17/03 to 21/03	Sections 31.1, 31.2, 31.3, 31.4, 31.5	31.8 Exercises: 31.4, 31.5, 31.6, 31.7, 31.8, 31.9	Assignment #4 is due this week in class on Thursday On Tuesday, I will explain Chebyschev's and Jensen's inequality and do some applications of the CLT. On Wednesday, I will explain basic estimators in parametric statistics, their consistency, bias and efficiency and Confidence Intervals. We will also study the maximum likelihood estimator and more about the multivariate normal distribution and its important descendants: chi-squared, student-t and the F-distribution, which play a role in Statistics.

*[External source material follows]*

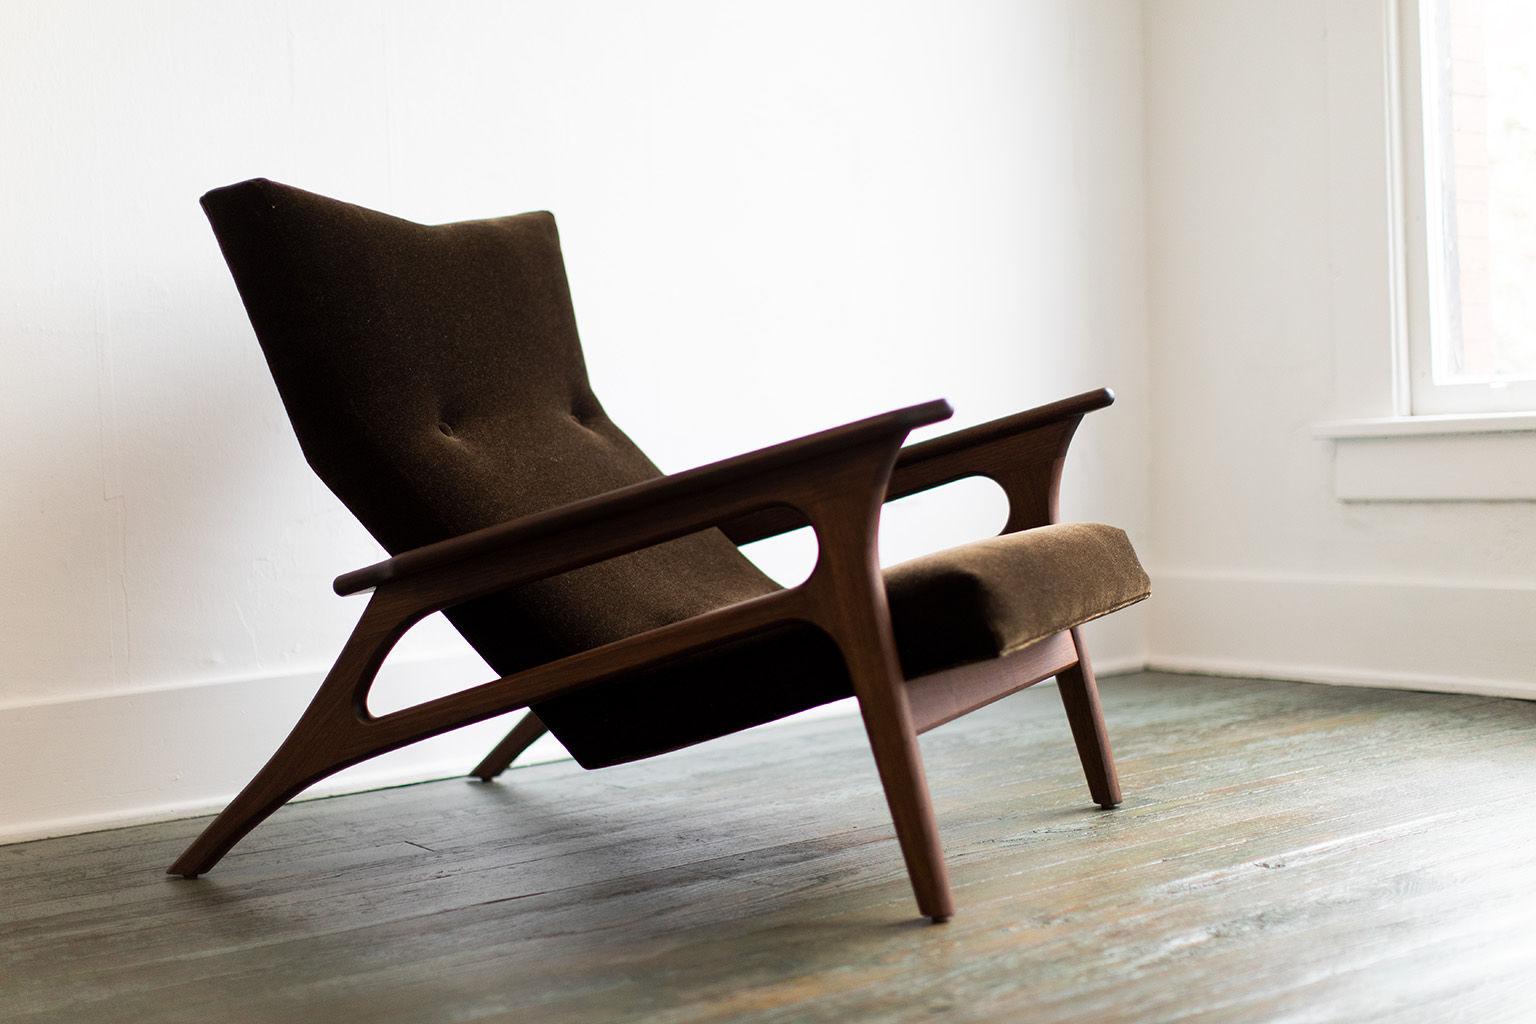 Craft Associates Modern Lounge Chair, 2002, the Parallax For Sale 1

24/03 to 28/03	Sections 31.5, 31.6, 31.7	31.8 Exercises: 31.10, 31.14, 31.15, 31.17, 31.20	TEST #2 will be held tentatively on Tuesday, March 26th from 19:00 to 20:00. The test will cover the material that was done in class up to and including the lecture on Wednesday, March 20th. This week we will discuss the Method of Least Squares, Regression and Hypothesis Testing. I will explain some goodness of fit tests including the chi-squared test (which is also useful for testing independence) and the non-parametric Kolmogorv-Smirnov test.
31/03 to 04/04	Extra material		Assignment #5 is due this week in class on Thursday. On Tuesday, I will give a short introduction to Stochastic Processes and Time Series and tie up some loose ends about Statistics (for example, about the Cramer-Rao lower bound and the Fisher Information Matrix) The rest of the week will be spent reviewing complex analysis.
07/04 to 08/04	REVIEW